┌─ The data

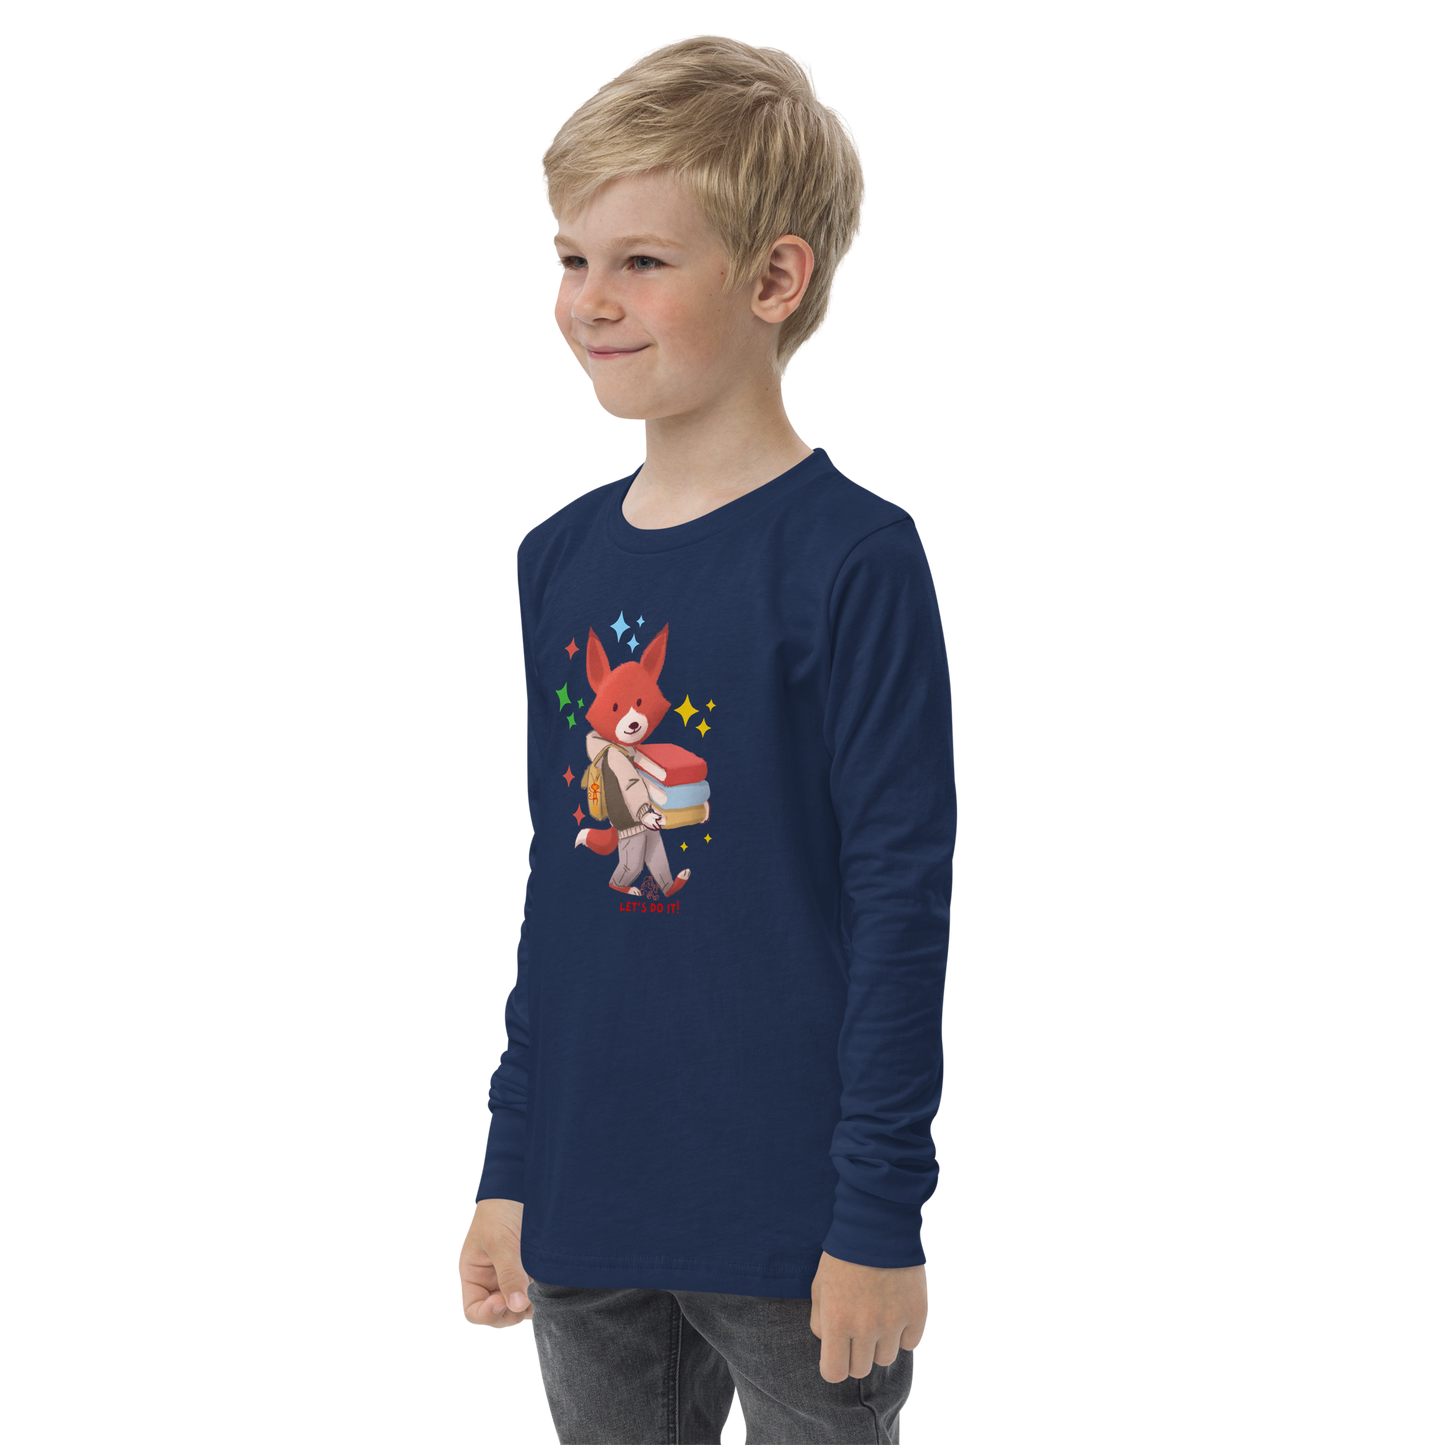 Let's Do It Tiger long sleeve youth t-shirt
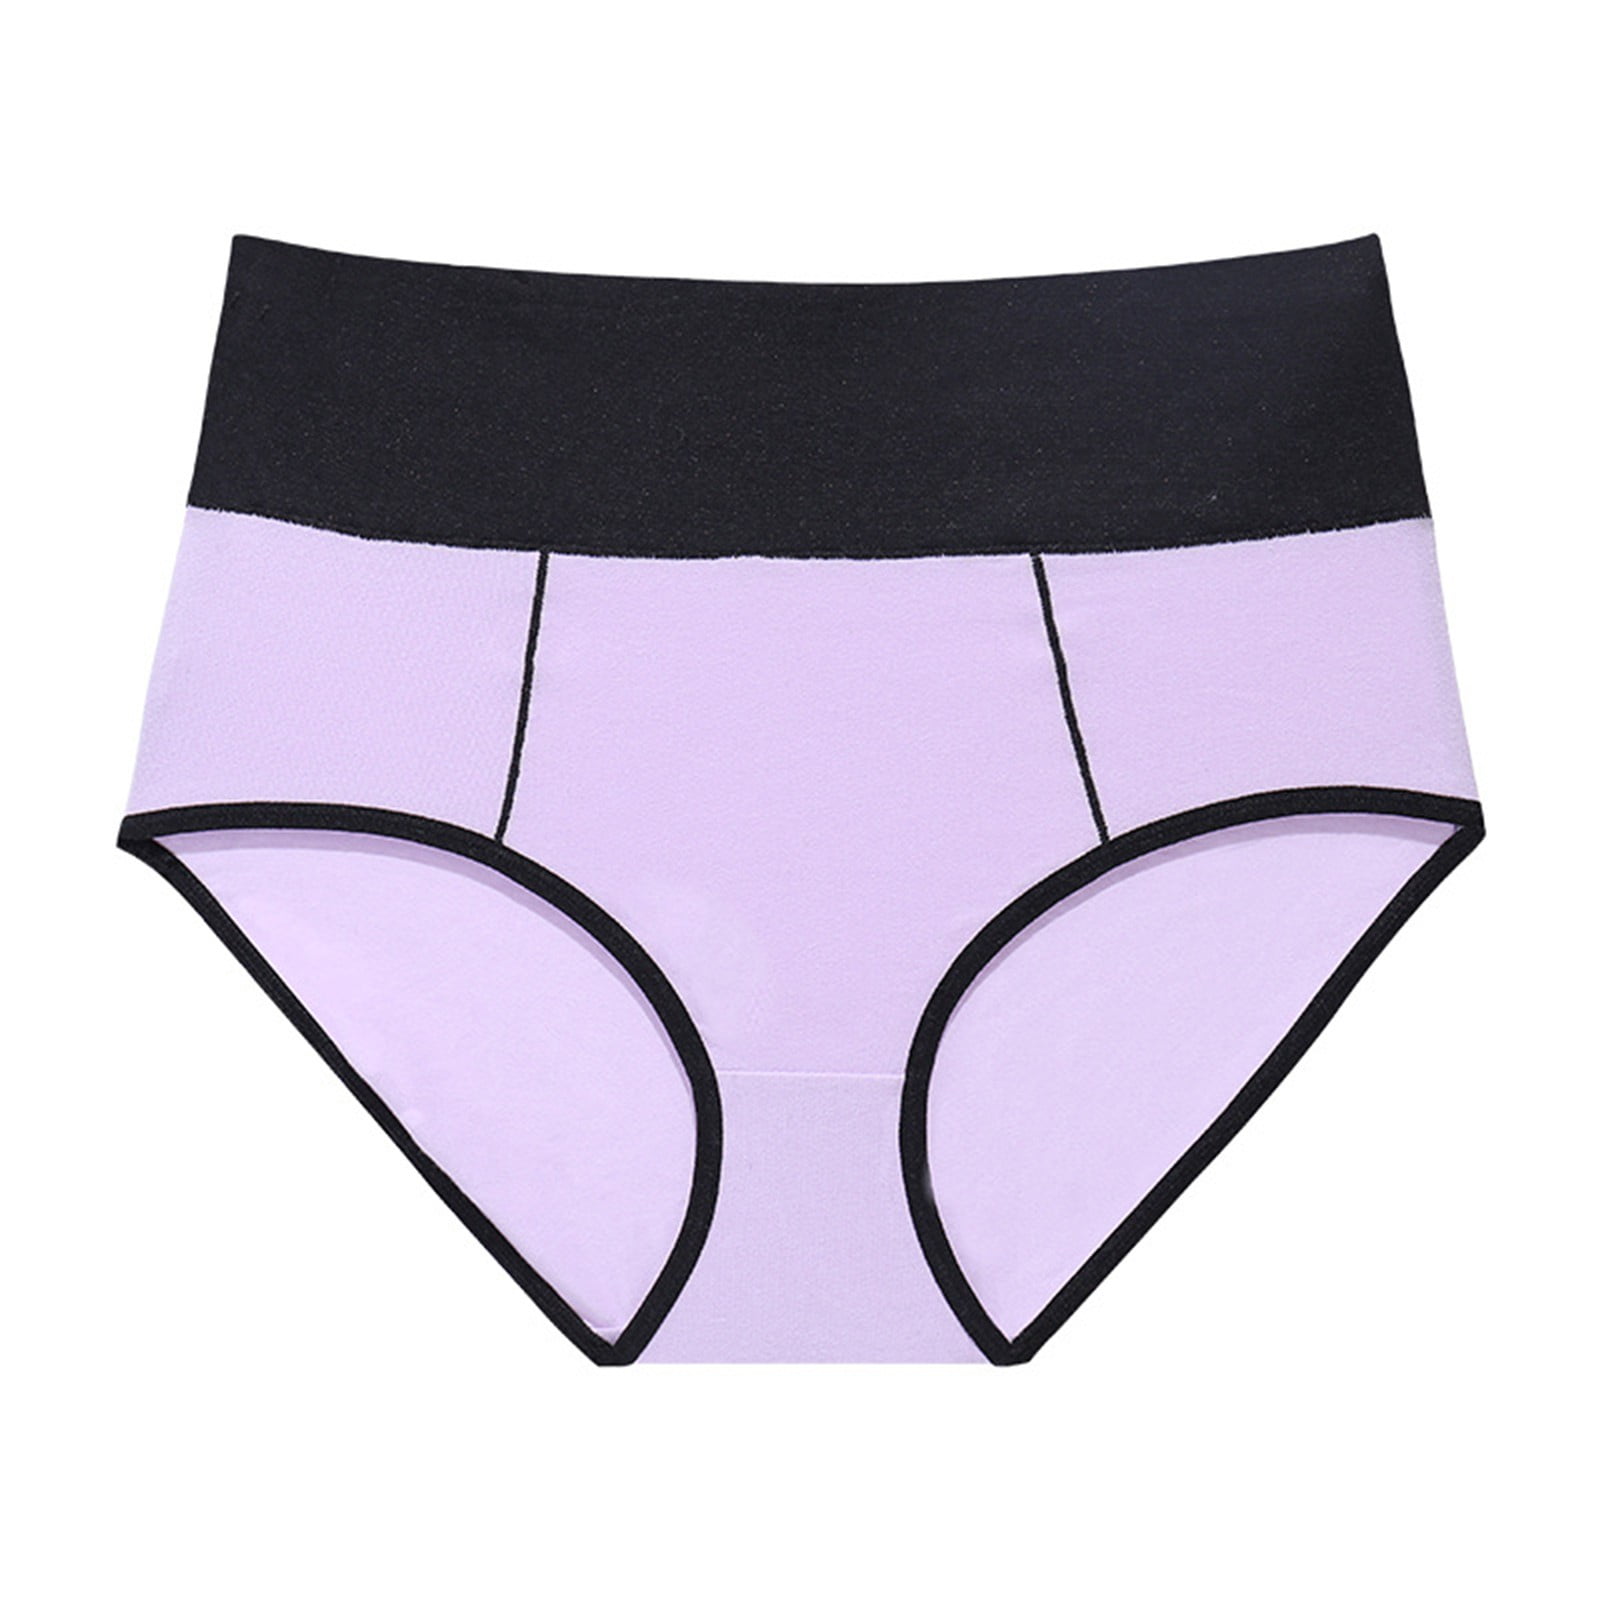 adviicd Cotton Panties No Show Underwear for Seamless High Cut Briefs  Mid-waist Soft No Panty Lines Blue Small 
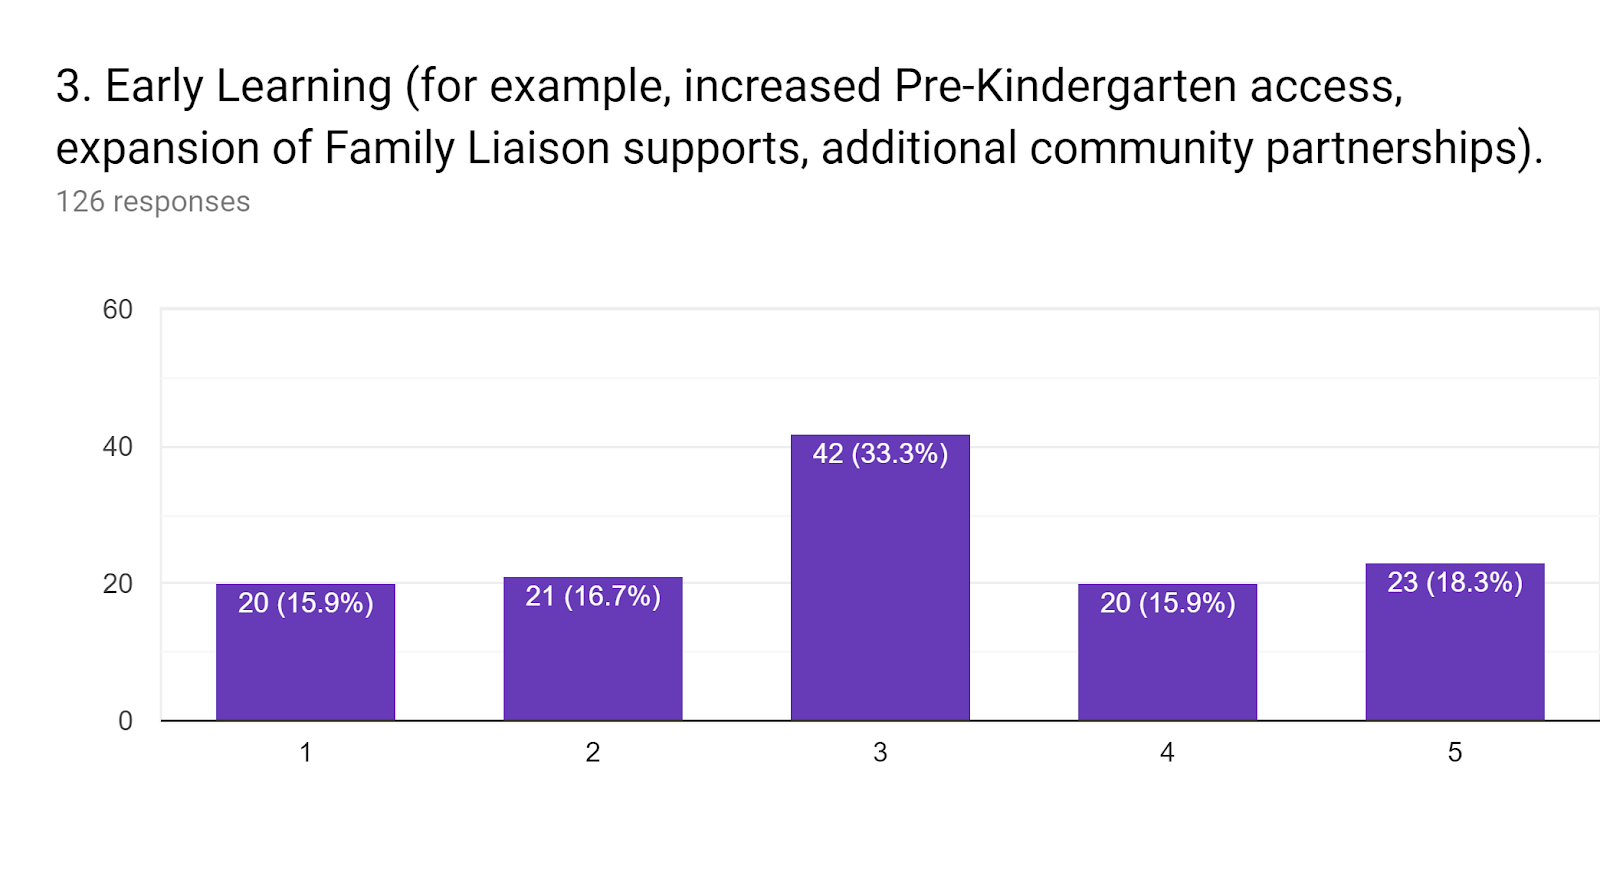 Forms response chart. Question title: 3.	Early Learning (for example, increased Pre-Kindergarten access, expansion of Family Liaison supports, additional community partnerships).. Number of responses: 126 responses.
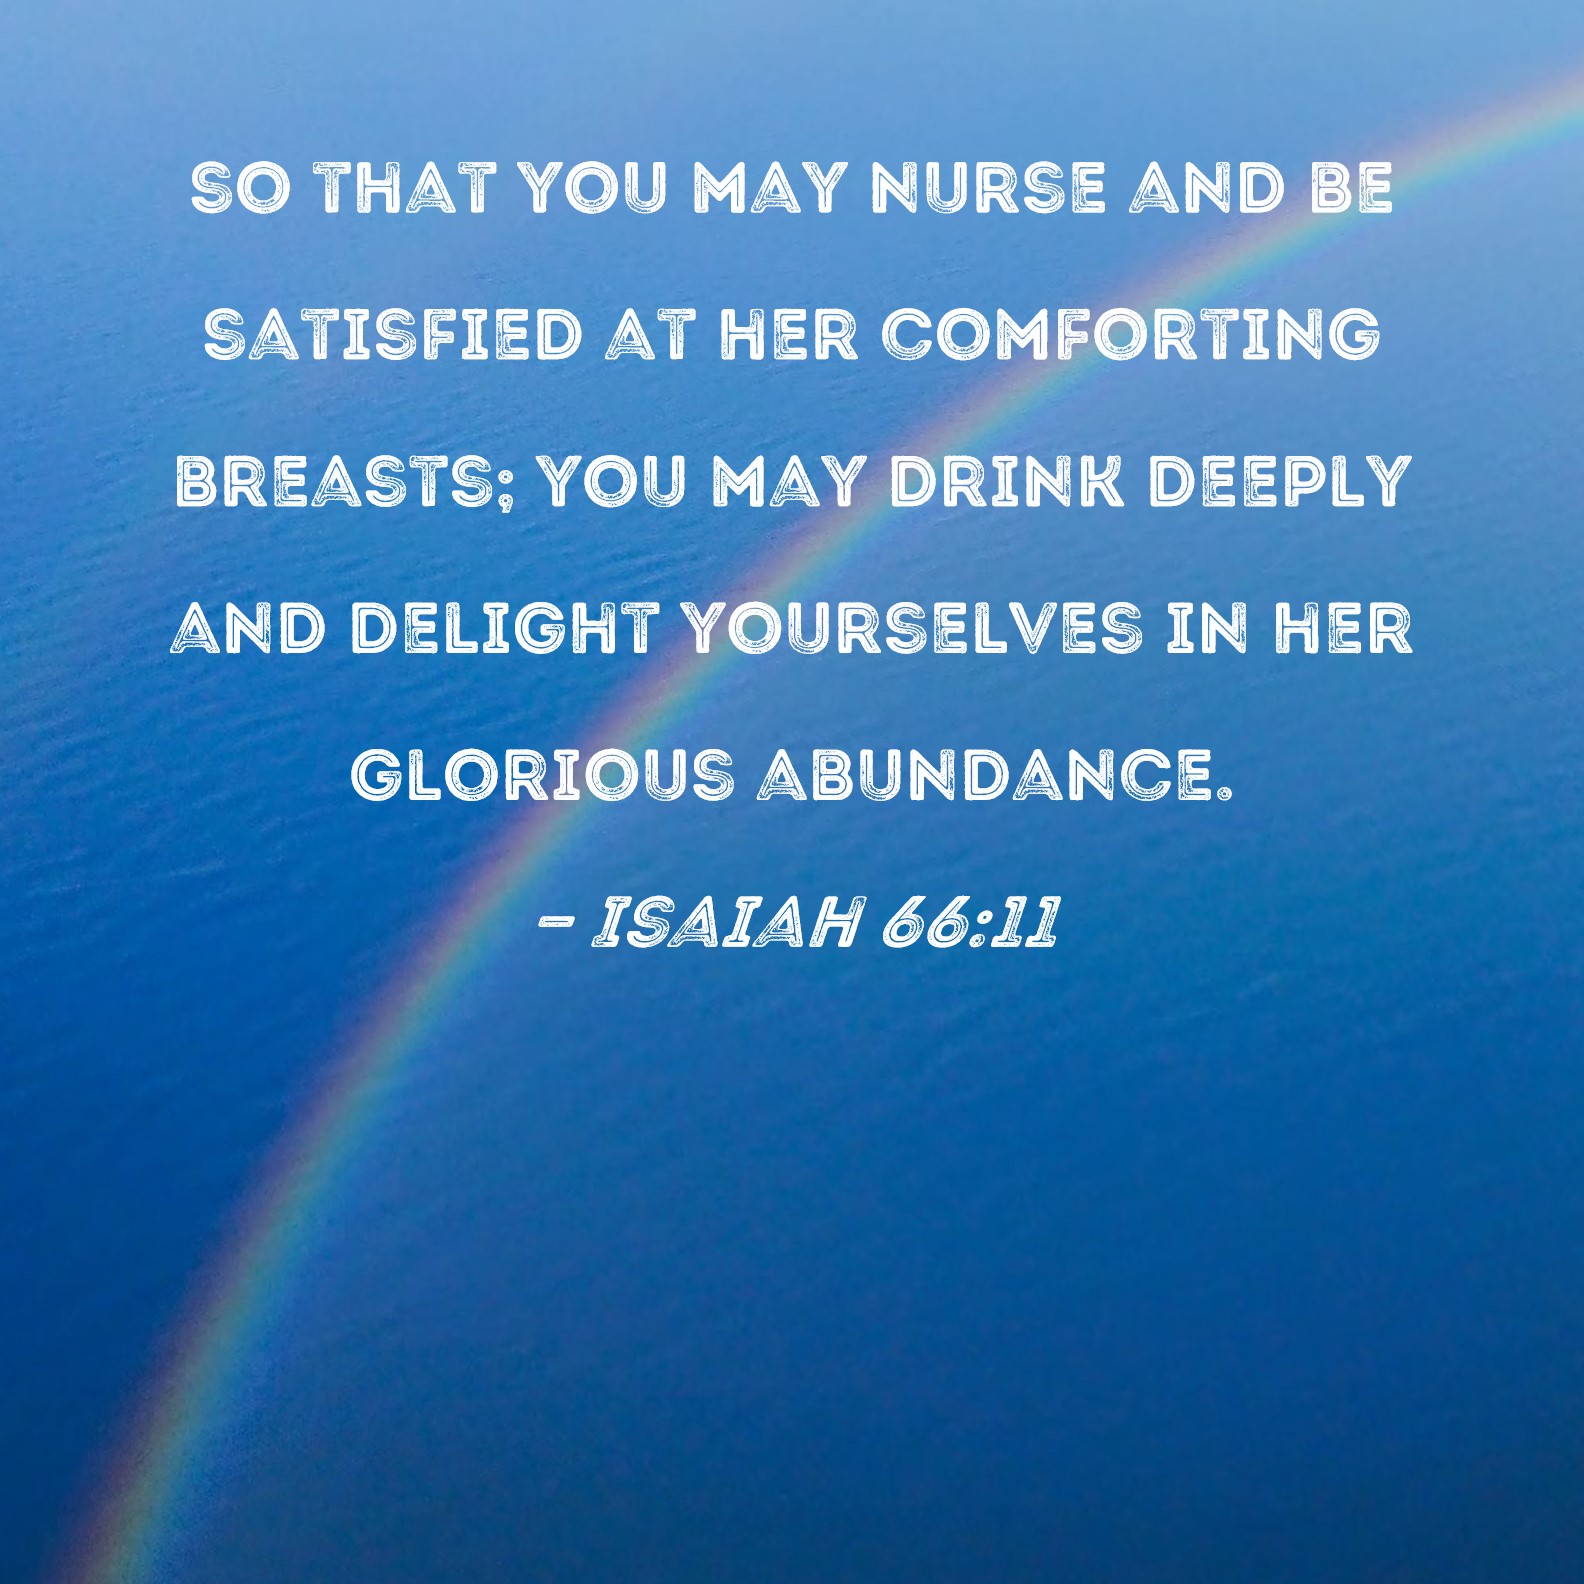 Isaiah 6611 so that you may nurse and be satisfied at her comforting breasts; you may drink deeply and delight yourselves in her glorious abundance. pic

└─

Problem statement:
Omit every picture while printing the data word for word.

Exercise answer:
 Let's Do It Tiger long sleeve youth t-shirt
 adviicd Cotton Panties No Show Underwear for Seamless High Cut Briefs  Mid-waist Soft No Panty Lines Blue Small 
 Forms response chart. Question title: 3.	Early Learning (for example, increased Pre-Kindergarten access, expansion of Family Liaison supports, additional community partnerships).. Number of responses: 126 responses.
 Isaiah 6611 so that you may nurse and be satisfied at her comforting breasts; you may drink deeply and delight yourselves in her glorious abundance. pic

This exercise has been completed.